Nickesse Trimaine Toney (March 13, 1990 – September 2, 2014), known by his stage name Nicky Da B, was an American rapper specializing in the regional genre of bounce music. He released an album in 2012 titled Please Don't Forget Da B, and his single with the artist Diplo that year, Express Yourself, was one of the year's largest viral successes, featuring in a Doritos commercial during Super Bowl XLVII. He was also known for his role in popularizing the dance phenomenon of twerking.

Nicky da B was born in 1990 in New Orleans, Louisiana in a section of the Carrollton neighborhood known as Pigeon Town, in the city's 17th ward. He was raised by his mother Nicole Toney and grandmother Aline Toney. Nicky graduated in 2008 from West Jefferson High School and attended Delgado Community College. Nicky began writing rap lyrics at age 6 under the name "Lil Fiya" in admiration of the Hot Boys. At 14, he began rapping himself. Nicky had close ties with Katey Red, who he called his "gay mother". Big Freedia was also a major influence and friend to Nicky Da B, and the two worked together to gain exposure for bounce music. Nicky was a former HHG (Hitt'em Hard Guy) and twerk dancer for Sissy Nobby before he branched out and became a solo artist. In 2011 he released the local hit "Drop It Hot Potato Style" and began touring.

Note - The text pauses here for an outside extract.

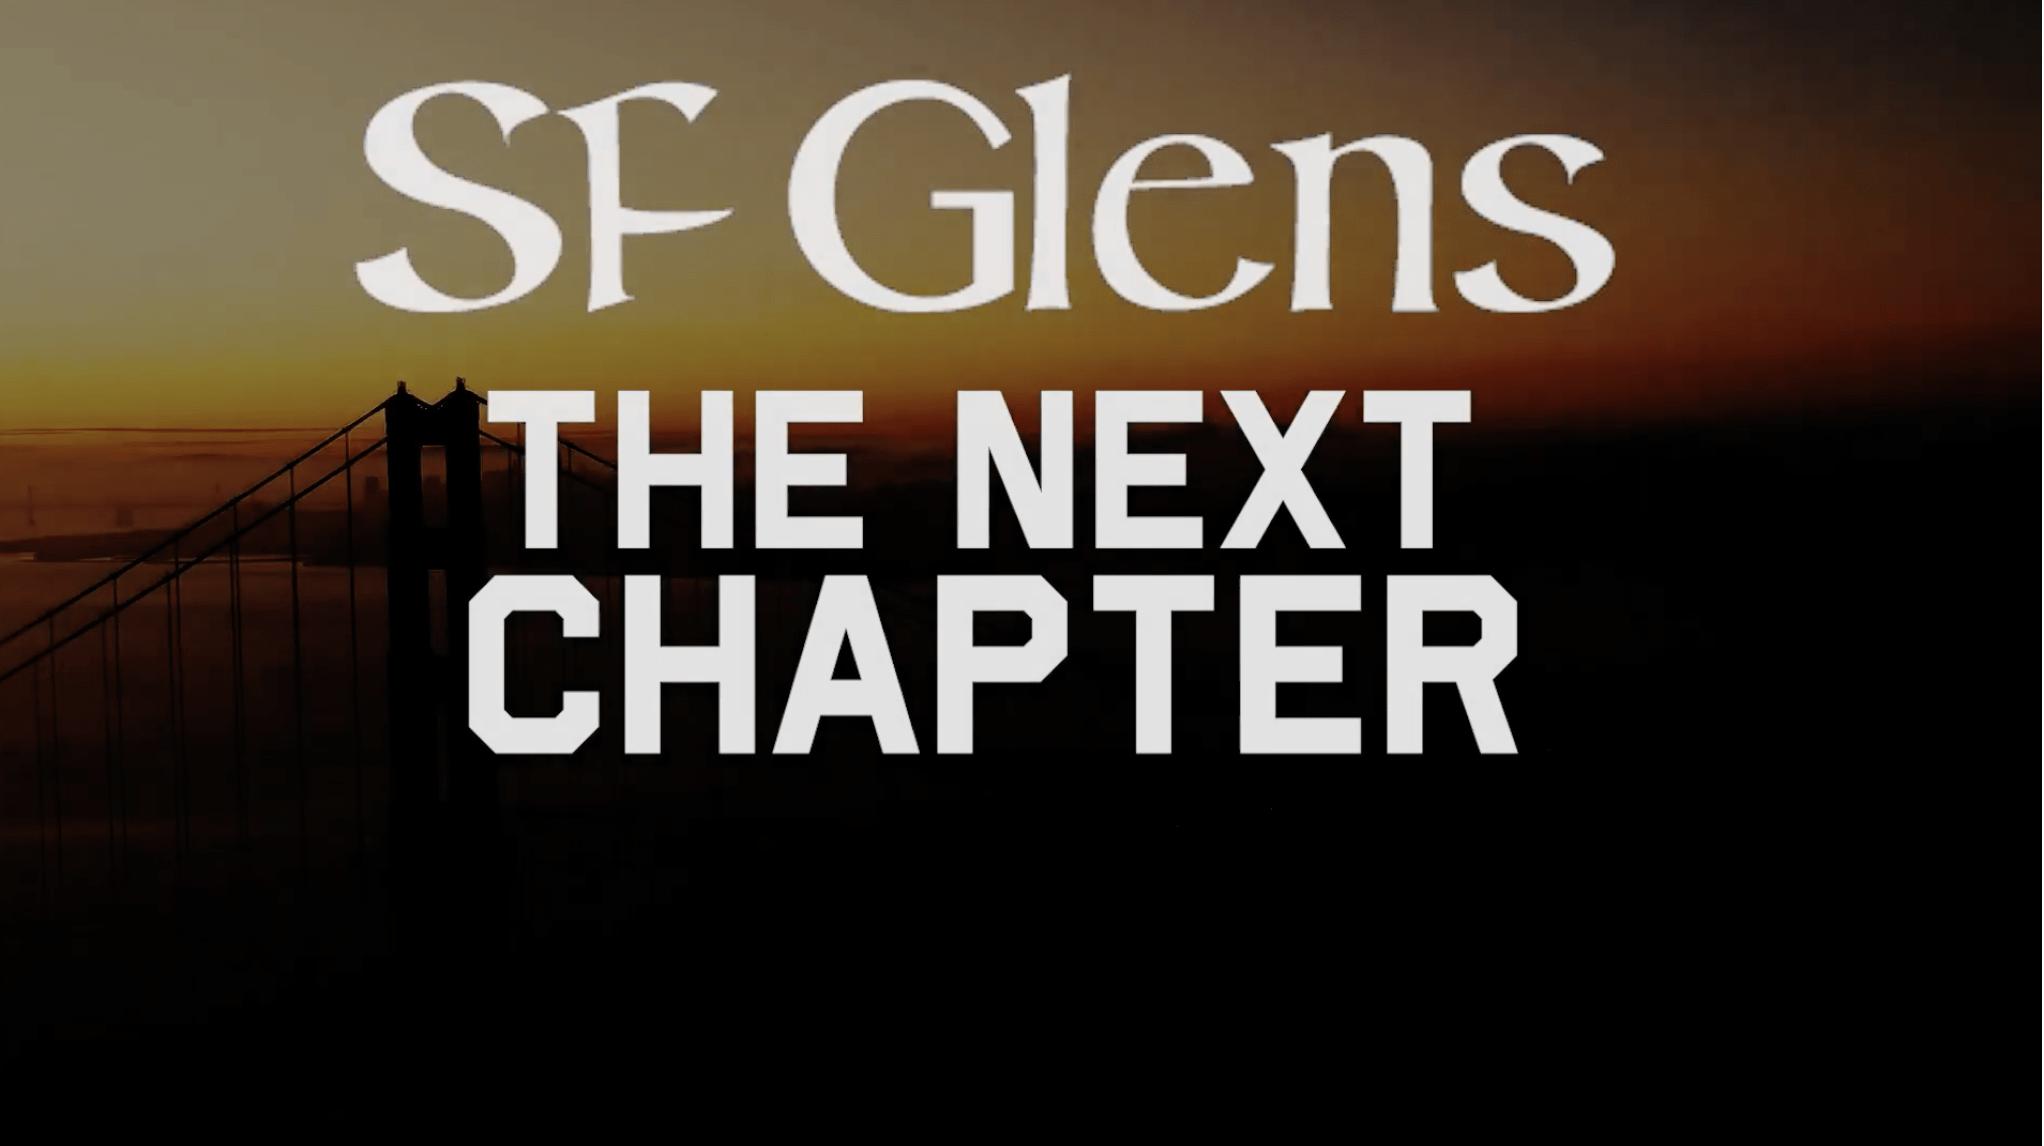 San Francisco Glens SC Celebrate 60th Anniversary with Big Announcement

Nicky was outspoken about his passion for creating music for the LGBTQ community, which he identified with.

After releasing his album Please Don't Forget da B in 2012, he embarked on a world tour, which included a sold-out show at the Sydney Opera House. In July 2014, he collaborated with German dance-music duo Schlachthofbronx on the single, "Lights Off". On September 2, 2014, his death at age 24 due to illness was announced by his manager and live DJ, Rusty Lazer. The family later asked for help from fans in paying for his funeral, which included a parade led by the TBC Brass Band in his Carrollton neighborhood.